Extra task (anchor-to-bep) (Optional):

Ifyou decide to participate in the extra task, you may submit anchor-to-bep runs only without needing to provide runs for the main task because the runs of this extra task can be also treated by the evaluation tool as the main task runs with the offsets of BEPs set to zero (beginning of the text) automatically.

•    For each topic we will allow up to 250 anchors, each anchor with up to 5 beps, each in different target documents. So there are up to 1250 outgoing links per topic.
•    up to 5 runs
 
2.    Rules
  • Since the topics are not orphaned documents, the link mark-ups remaining in topics are for your own reference. Participants must not use those existing links in the topic documents to locate anchors and suggest target documents.

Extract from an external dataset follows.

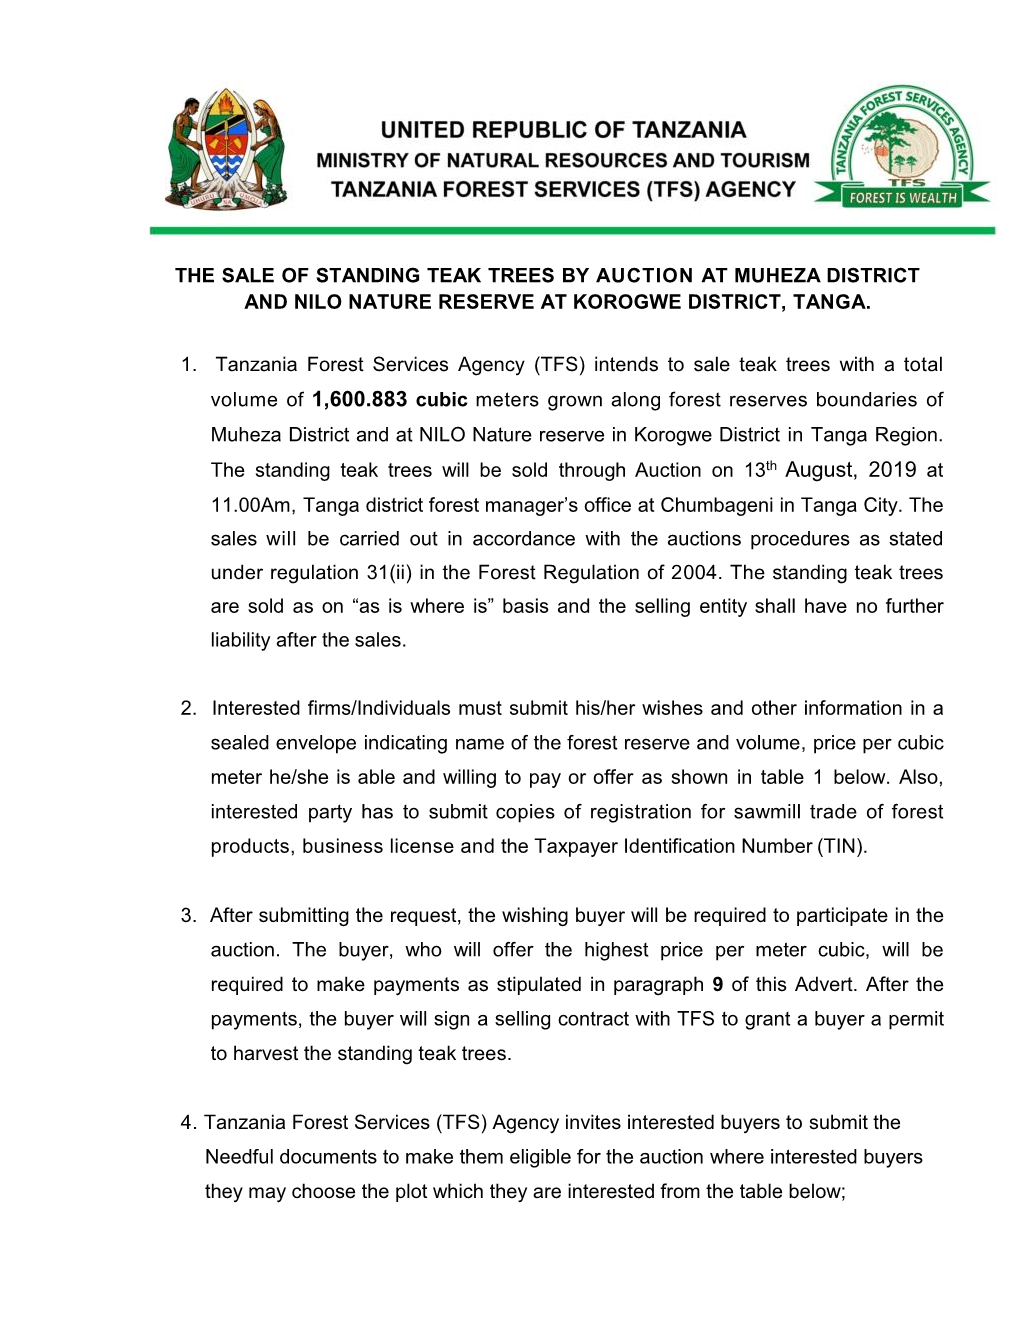 Th August, 2019 at 11.00Am, Tanga District Forest Manager’S Office at Chumbageni in Tanga City

  • Topic files including their CJK counterparts should be excluded from Wikipedia document collections either physically or virtually.
Please refer to Section 4.2 for an assistant tool that helps removing the CJK topic counterparts from the corpora.
  • Finding cross-lingual number, month-day, or year links (i.e.1, 2, 2012, 1900s,February 24) is not a big issue in link discovery, and Wikipedia also has special rules on the chronological items1. In order to have more high quality links, the recommendation of these kinds of links is so not required in the task. If those links are included in the submissions, they will be rejected and not considered in either assessment or evaluation.
 
3.    Result Submission
We will use XML for the output results. The specification of result submission is similar with that of the INEX Link-the-Wiki task2.The formats for both anchor-to-file and anchor-to-bep run submission are exactly the same. The only difference between anchor-to-file and anchor-to-bep submission is in whether the BEP is specified. In the main anchor-to-file task, the offset of the BEP should be set to zero by default; in the anchor-to-bep task, a BEP should be given and its offset in the target document should be specified.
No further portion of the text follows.